[[ RECORDS open ]]
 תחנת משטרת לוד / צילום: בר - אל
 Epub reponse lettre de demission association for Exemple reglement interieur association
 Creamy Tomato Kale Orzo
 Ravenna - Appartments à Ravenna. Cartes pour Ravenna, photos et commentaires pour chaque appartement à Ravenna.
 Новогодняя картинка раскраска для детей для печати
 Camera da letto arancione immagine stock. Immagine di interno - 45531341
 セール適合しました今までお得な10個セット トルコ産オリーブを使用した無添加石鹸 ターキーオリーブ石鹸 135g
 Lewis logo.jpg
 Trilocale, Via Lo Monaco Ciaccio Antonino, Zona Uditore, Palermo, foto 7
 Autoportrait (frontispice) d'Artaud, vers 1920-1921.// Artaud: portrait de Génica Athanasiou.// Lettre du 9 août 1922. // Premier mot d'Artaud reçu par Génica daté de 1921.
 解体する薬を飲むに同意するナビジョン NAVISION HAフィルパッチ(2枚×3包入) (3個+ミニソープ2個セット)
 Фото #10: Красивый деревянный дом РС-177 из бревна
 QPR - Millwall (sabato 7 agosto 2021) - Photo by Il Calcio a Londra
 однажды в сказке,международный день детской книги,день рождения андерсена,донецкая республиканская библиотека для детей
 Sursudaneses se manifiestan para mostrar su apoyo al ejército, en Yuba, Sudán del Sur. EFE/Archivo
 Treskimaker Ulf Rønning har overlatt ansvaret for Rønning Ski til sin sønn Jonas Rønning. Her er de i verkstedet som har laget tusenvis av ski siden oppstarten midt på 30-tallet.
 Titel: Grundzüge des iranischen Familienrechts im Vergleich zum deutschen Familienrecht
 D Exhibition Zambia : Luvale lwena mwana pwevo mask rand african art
[[ RECORDS closed ]]
WORK REQUEST - Repeat the listing above exactly. Add nothing.

WRITTEN SOLUTION -
 תחנת משטרת לוד / צילום: בר - אל
 Epub reponse lettre de demission association for Exemple reglement interieur association
 Creamy Tomato Kale Orzo
 Ravenna - Appartments à Ravenna. Cartes pour Ravenna, photos et commentaires pour chaque appartement à Ravenna.
 Новогодняя картинка раскраска для детей для печати
 Camera da letto arancione immagine stock. Immagine di interno - 45531341
 セール適合しました今までお得な10個セット トルコ産オリーブを使用した無添加石鹸 ターキーオリーブ石鹸 135g
 Lewis logo.jpg
 Trilocale, Via Lo Monaco Ciaccio Antonino, Zona Uditore, Palermo, foto 7
 Autoportrait (frontispice) d'Artaud, vers 1920-1921.// Artaud: portrait de Génica Athanasiou.// Lettre du 9 août 1922. // Premier mot d'Artaud reçu par Génica daté de 1921.
 解体する薬を飲むに同意するナビジョン NAVISION HAフィルパッチ(2枚×3包入) (3個+ミニソープ2個セット)
 Фото #10: Красивый деревянный дом РС-177 из бревна
 QPR - Millwall (sabato 7 agosto 2021) - Photo by Il Calcio a Londra
 однажды в сказке,международный день детской книги,день рождения андерсена,донецкая республиканская библиотека для детей
 Sursudaneses se manifiestan para mostrar su apoyo al ejército, en Yuba, Sudán del Sur. EFE/Archivo
 Treskimaker Ulf Rønning har overlatt ansvaret for Rønning Ski til sin sønn Jonas Rønning. Her er de i verkstedet som har laget tusenvis av ski siden oppstarten midt på 30-tallet.
 Titel: Grundzüge des iranischen Familienrechts im Vergleich zum deutschen Familienrecht
 D Exhibition Zambia : Luvale lwena mwana pwevo mask rand african art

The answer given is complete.